■ DATASET ENTRIES:
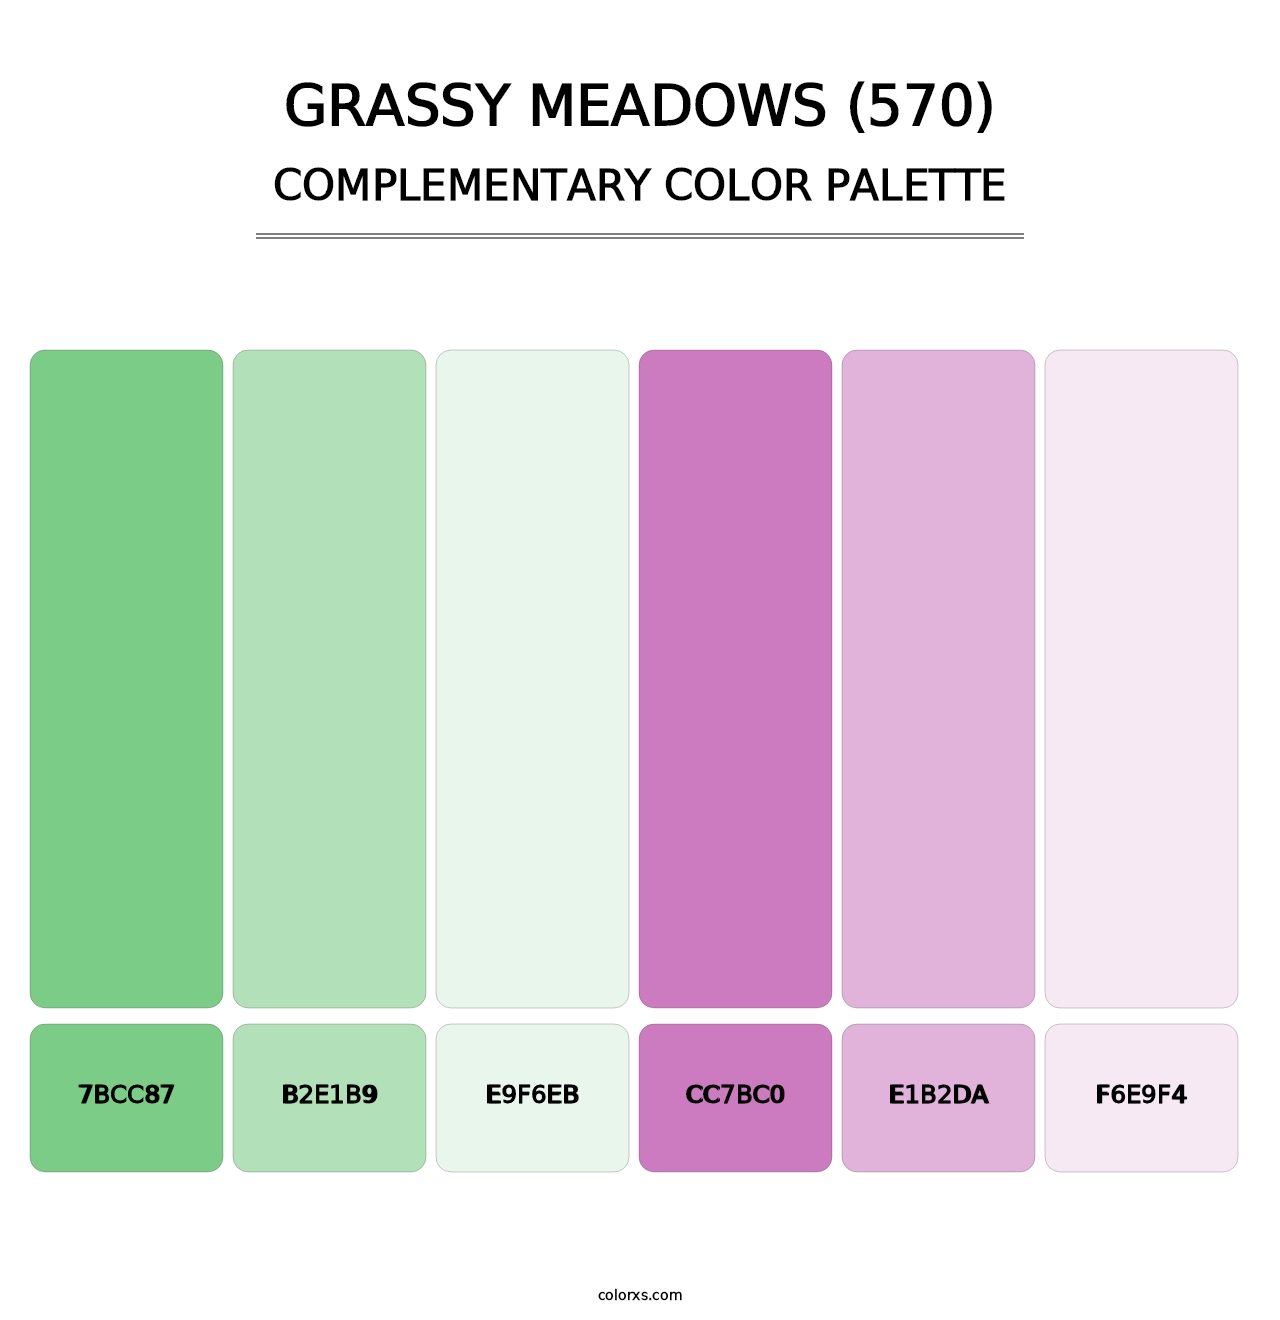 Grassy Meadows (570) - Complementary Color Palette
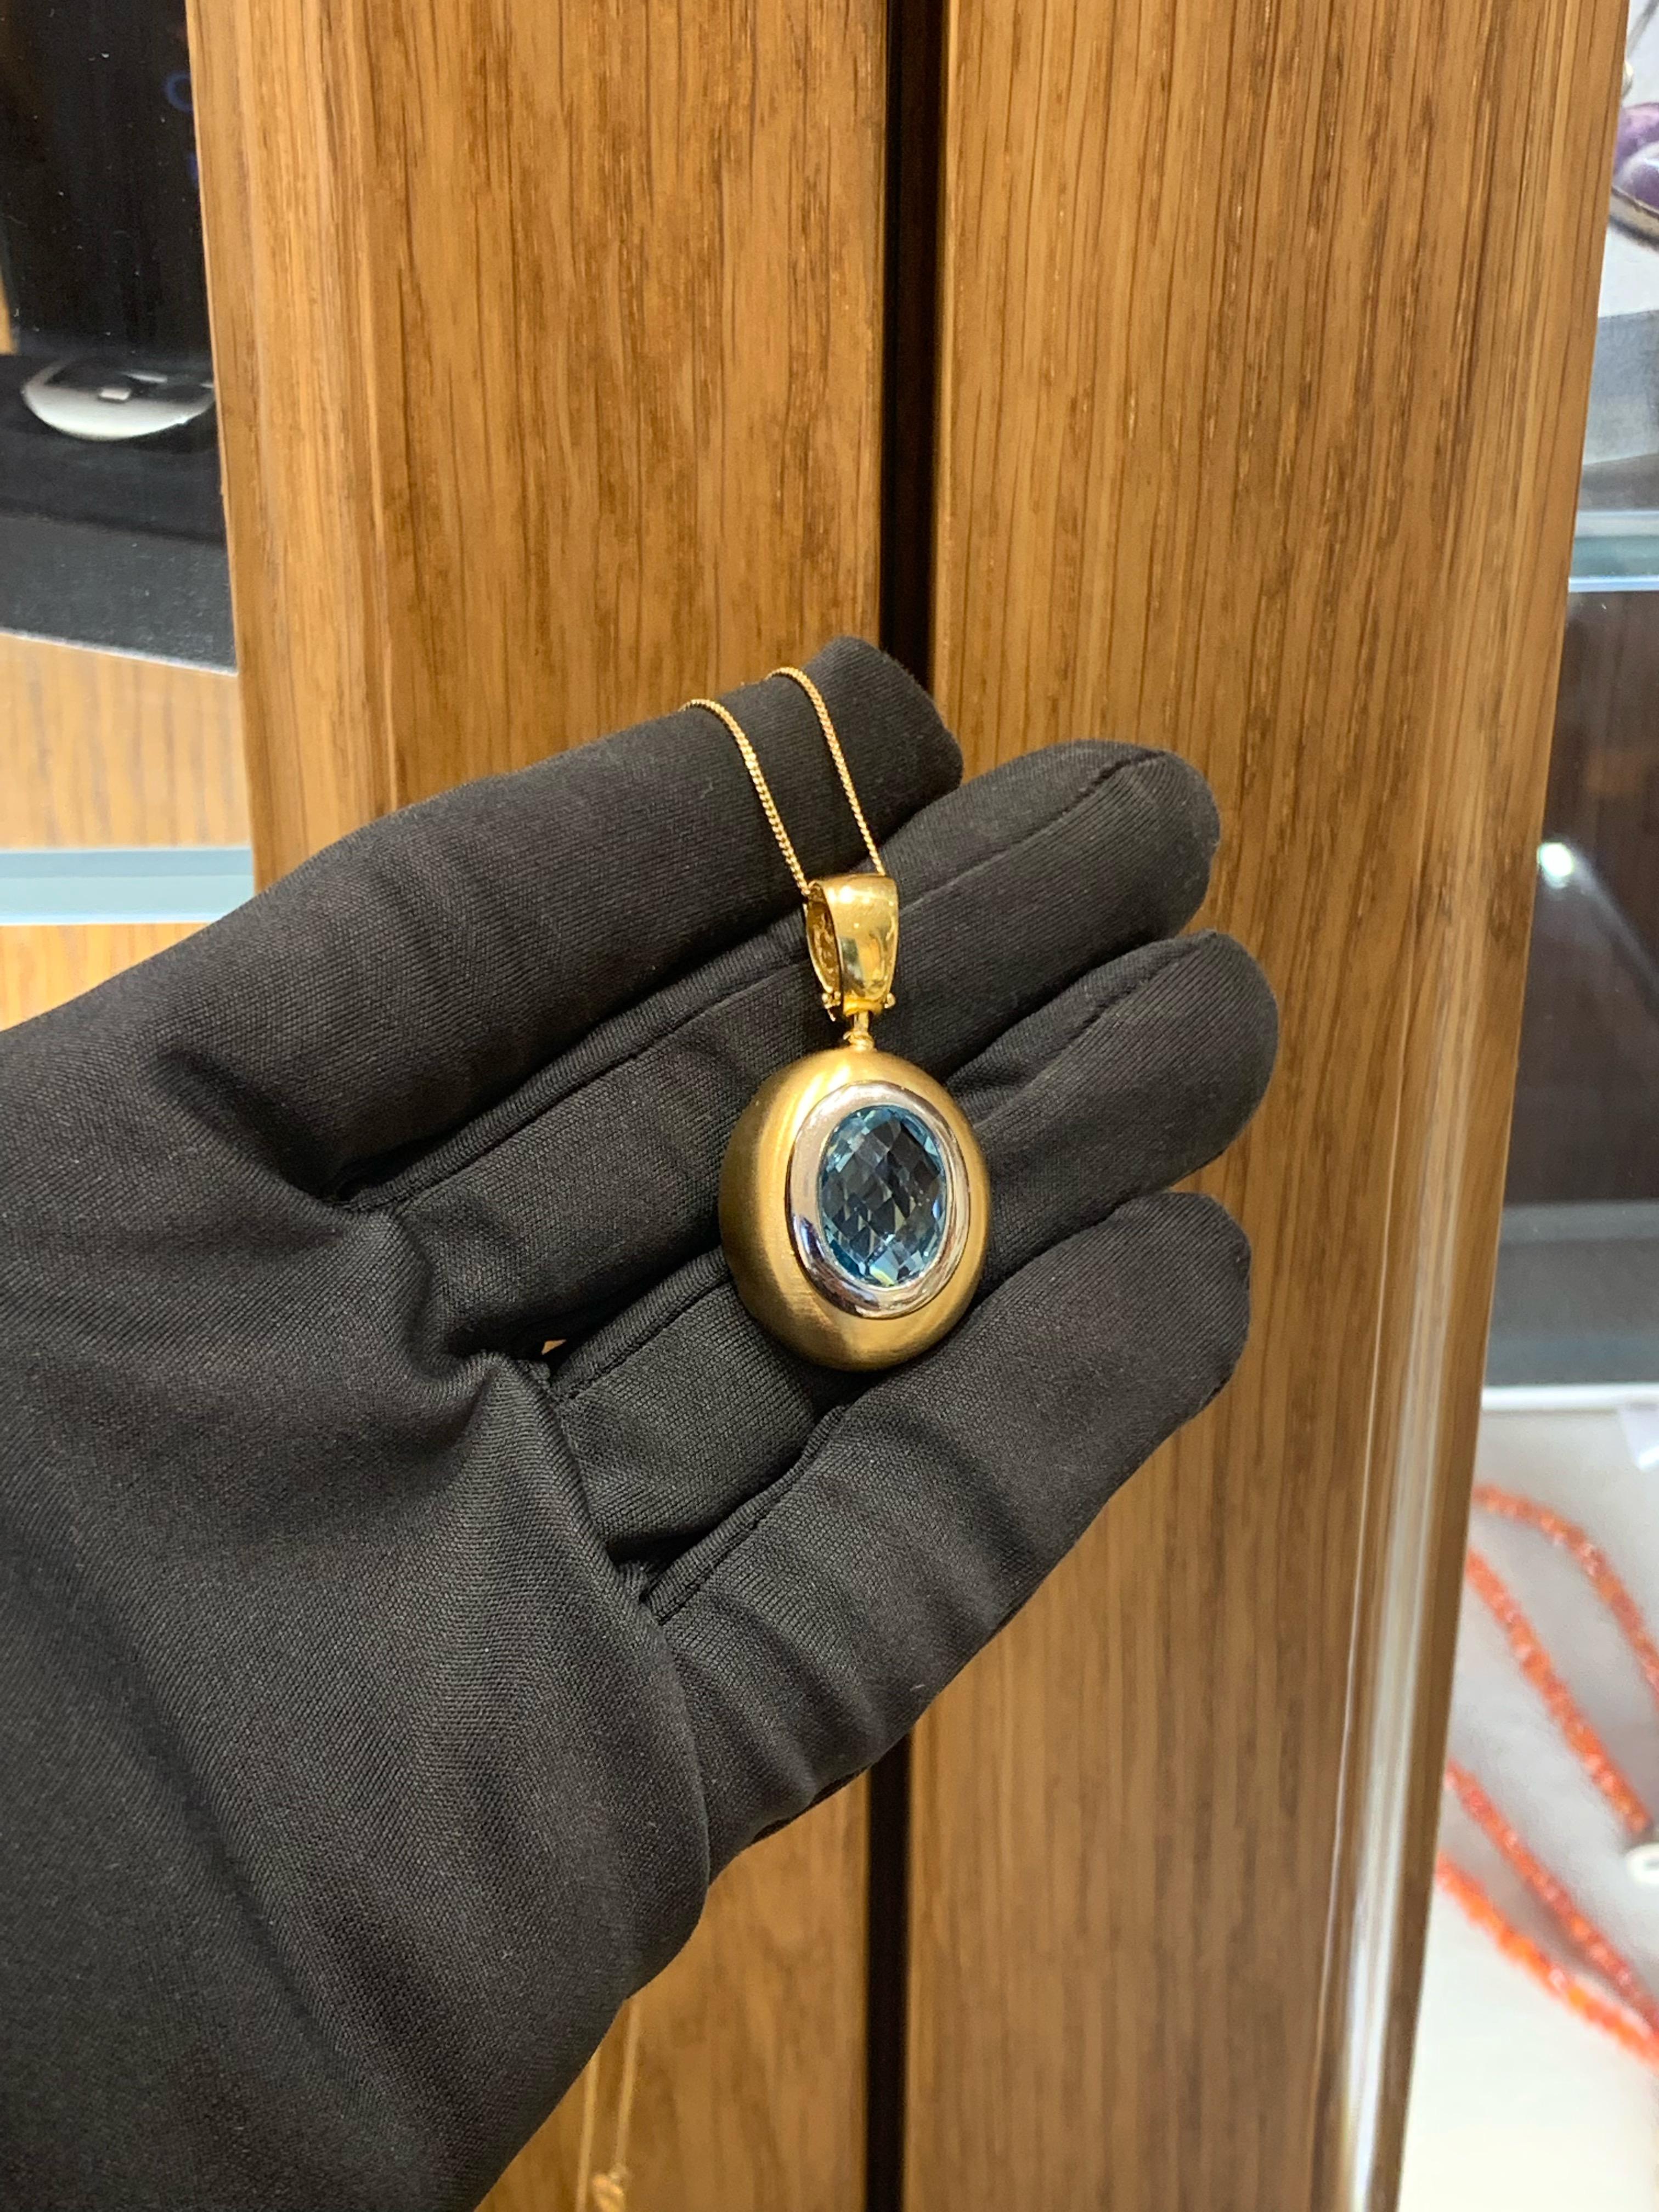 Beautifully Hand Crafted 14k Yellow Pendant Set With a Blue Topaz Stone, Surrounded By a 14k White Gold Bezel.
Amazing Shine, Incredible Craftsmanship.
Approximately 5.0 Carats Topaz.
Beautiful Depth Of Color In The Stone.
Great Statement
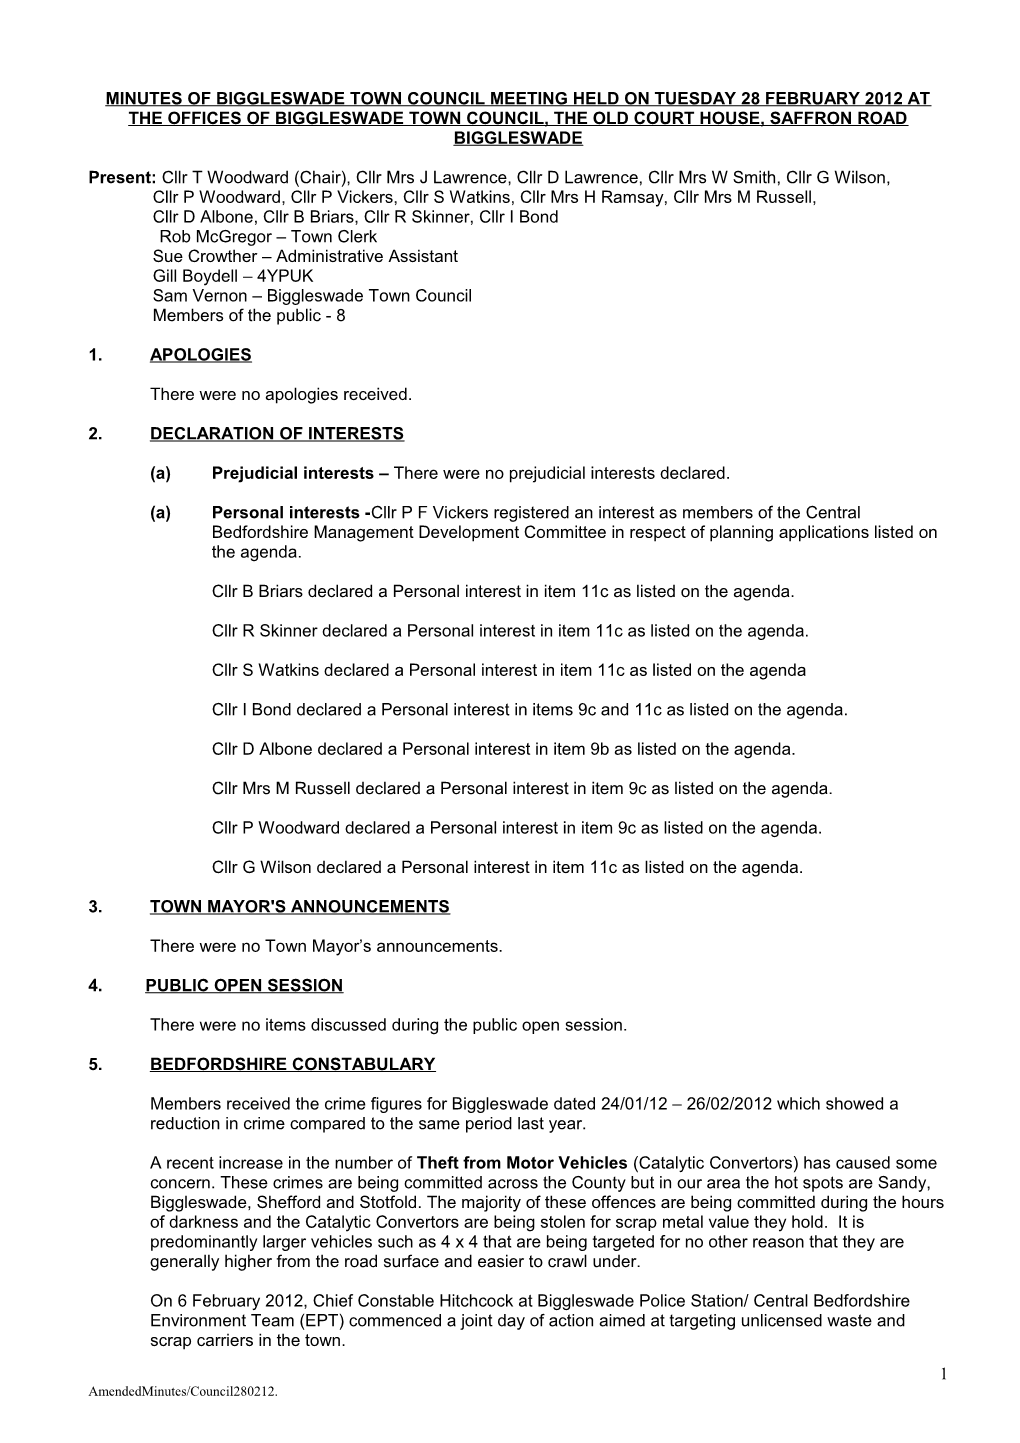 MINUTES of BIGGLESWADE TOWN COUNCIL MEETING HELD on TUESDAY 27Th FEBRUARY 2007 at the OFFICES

■ WHAT NEEDS TO BE DONE:
Your answer should consist solely of the lines from the one with "Amazing Shine, Incredible Craftsmanship." through the last line of the entries, restated word for word, with the pictures omitted.

■ ANSWER BOX:
Amazing Shine, Incredible Craftsmanship.
Approximately 5.0 Carats Topaz.
Beautiful Depth Of Color In The Stone.
Great Statement
 MINUTES of BIGGLESWADE TOWN COUNCIL MEETING HELD on TUESDAY 27Th FEBRUARY 2007 at the OFFICES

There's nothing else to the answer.